A recent study by vegetarian-advocate group Physicians Committee for Responsible Medicine claims that in a recent test of packaged raw chicken products bought at grocery stores across the country, 48 percent of the 120 packages contained E. coli bacteria.
“Most consumers do not realize that feces are in the chicken products they purchase,” said Dr. Neal D. Barnard, president of the group. “Food labels discuss contamination as if it is simply the presence of bacteria, but people need to know that it means much more than that.”
Critics of the test have pointed out that the test itself was small (120 packages bought in 10 U.S. cities), and that the E. coli found in the chicken was not a kind that would threaten public health, reports the New York Times.

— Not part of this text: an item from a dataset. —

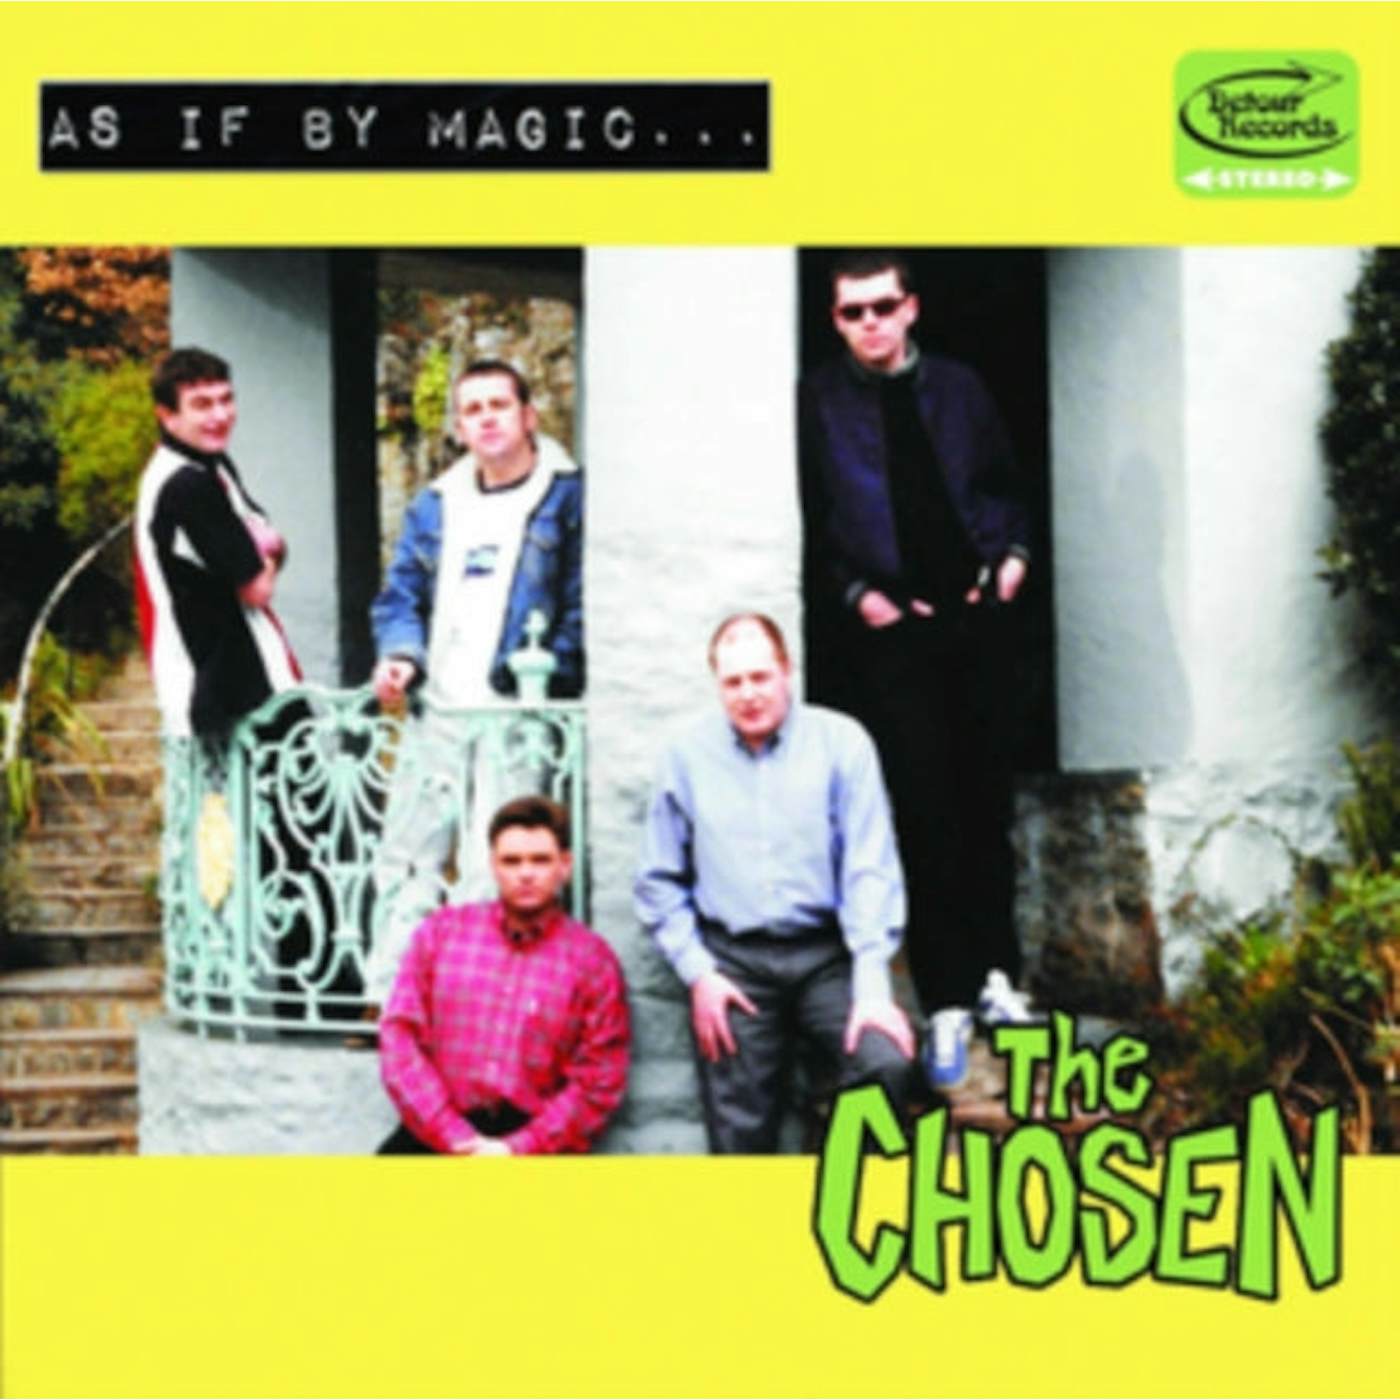 The Chosen CD - As If By Magic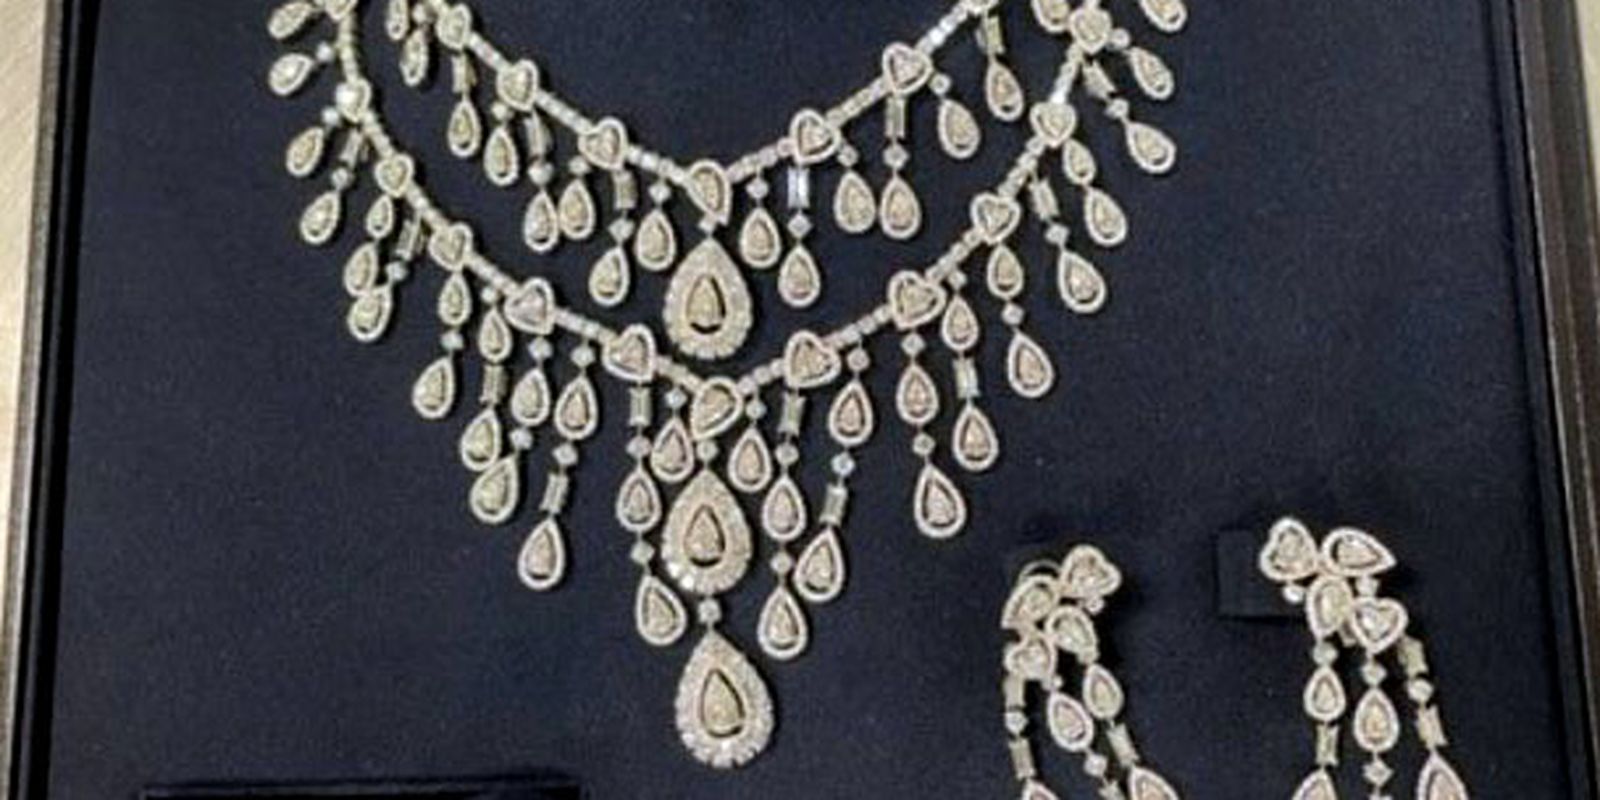 Policia Federal abre inquérito para investigar joias apreendidas

The National Chicken Council said the Physicians Committee’s test was “disingenuous,” given that it identified only 57 questionable samples out of about 42 million pounds of ready-to-cook chicken products in grocery stores every day.
“These findings, not a ‘peer-reviewed’ study, are another misleading attempt by a pseudo-medical group to scare consumers in hopes of advancing their goal of a vegan society,” said Dr. Ashley Peterson, vice president of science and technology at the National Chicken Council.
Dirk Fillpot, of the Food Safety and Inspection Service of the Department of Agriculture, said the study’s findings were not supported by any science or facts. “It assumes that the presence of generic E. coli could only come from contact with feces, when that is simply not the case,” he said.